Matthew Harding is an Econometrician who develops cutting edge statistical methods for the analysis of Big Data to answer crucial economic questions related to individual consumption and choices in areas such as health and energy. As a Data Scientist he focuses on the analysis of “Deep Data”, large and information-rich data sets derived from many seemingly unrelated sources but linked across individuals to provide novel behavioral insights. He is particularly interested in the role of technology and automation to induce behavior change and help individuals live happier and healthier lives. At the same time his research emphasizes solutions for achieving triple-win strategies. These are solutions that not only benefit individual consumers, but are profitable for firms, and have a large positive impact on society at large.
As part of a visit at the Sant'Anna School, he will hold a seminar titled "A Structural Approach to Dynamic Energy Pricing and Consumer Welfare" on May 23, 2019 (2:00 to 3:30pm, Aula 3, Sede Centrale).

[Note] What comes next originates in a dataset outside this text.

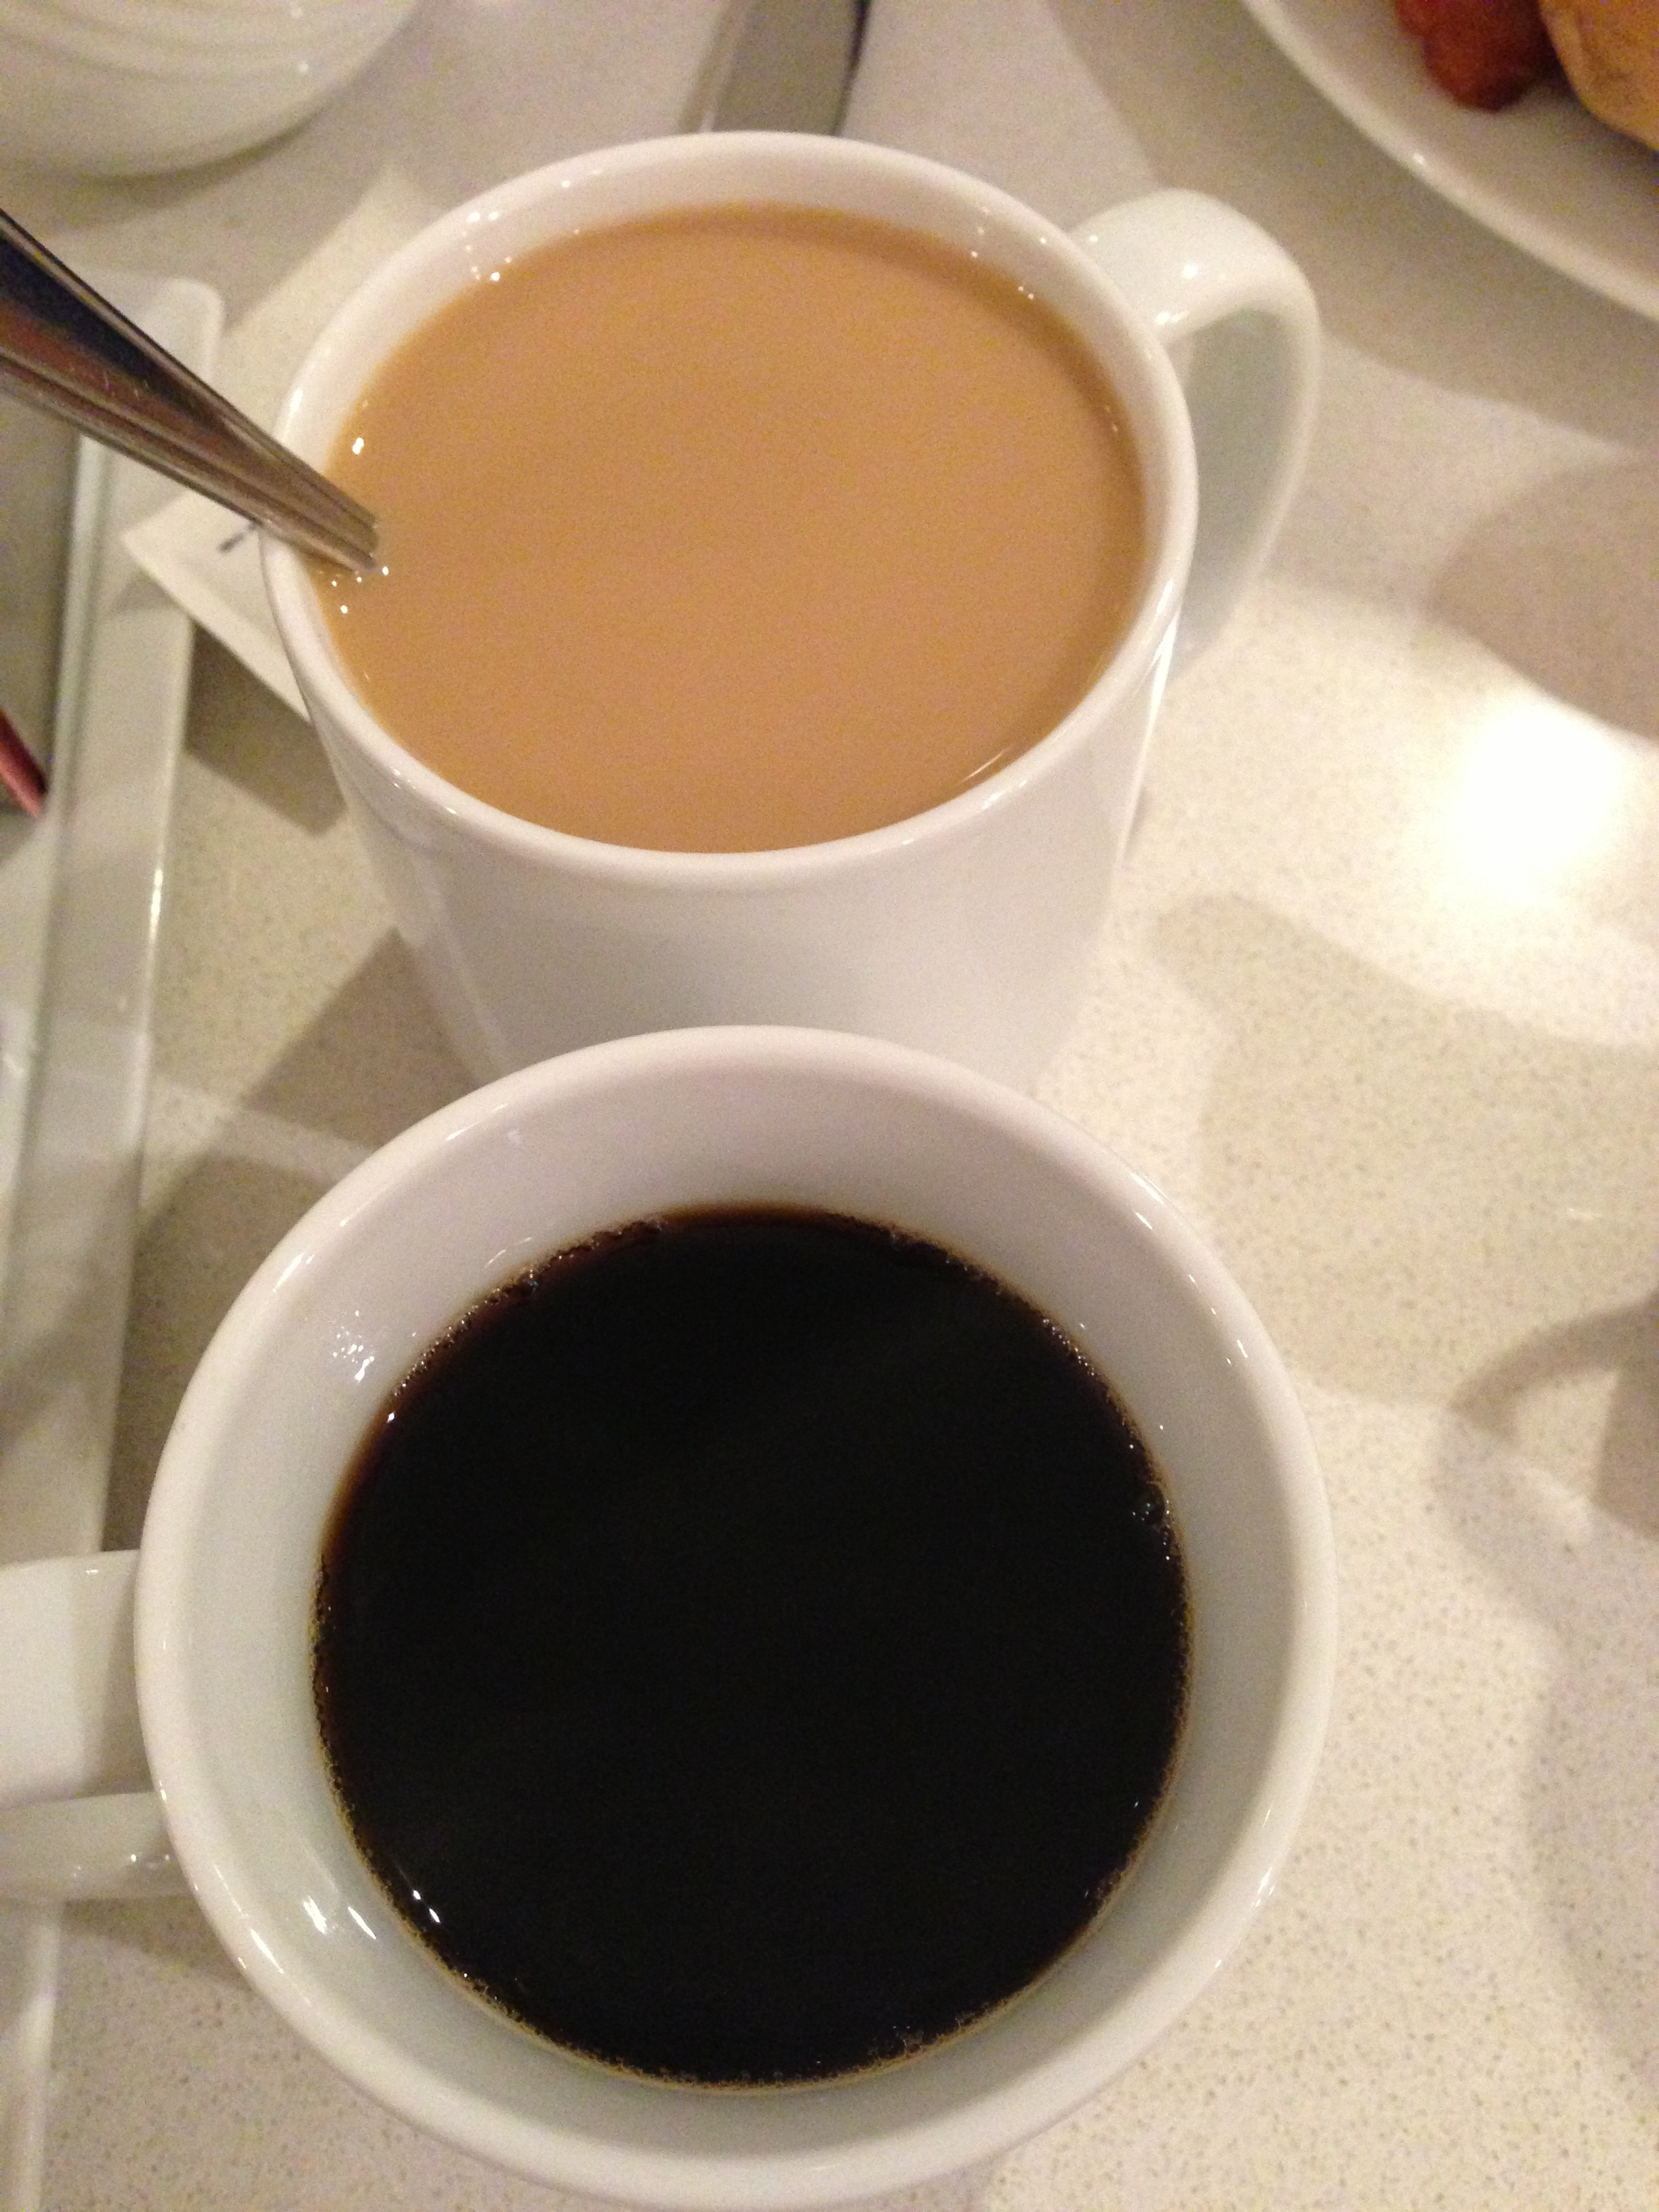 black coffee and creamer coffee

Abstract: With the proliferation of smart meters and smart homes, there is growing interest from utilities in policies that exert control over demand in the electricity market. Time of use pricing is an approach to demand side management that charges a different marginal price for electricity during the peak usage hours of the day. We analyze a panel of high frequency observations taken from a randomized control trial in the summer of 2011. Experimental treatments include two price structures over the peak of the day, as well as four technologies for information provision about the prevailing marginal cost of electricity. We estimate a market demand curve for each hour of the day using a structural demand system. Relative to an untreated control group, treated households face periods of both elevated and reduced prices. This pricing structure potentially contributes to consumer welfare by providing the opportunity to shift consumption from high to low price periods. We investigate the degree to which consumer demand response varies relative to the household’s location within the distribution of hourly demand. This allows for a naive estimation of average consumer welfare. Additionally, we compute the change in total welfare across households when heterogeneity is introduced across consumer demographics.
He will also hold a Q&A Session for all interested students and researchers titled "Big Data, Machine Learning, and Deep Learning: Opportunities and Costs for Economists", researchers and faculty interesed in his research on May 24 (2.00 to 5.00 pm, Aula 6, Sede Centrale). Please join us for these events!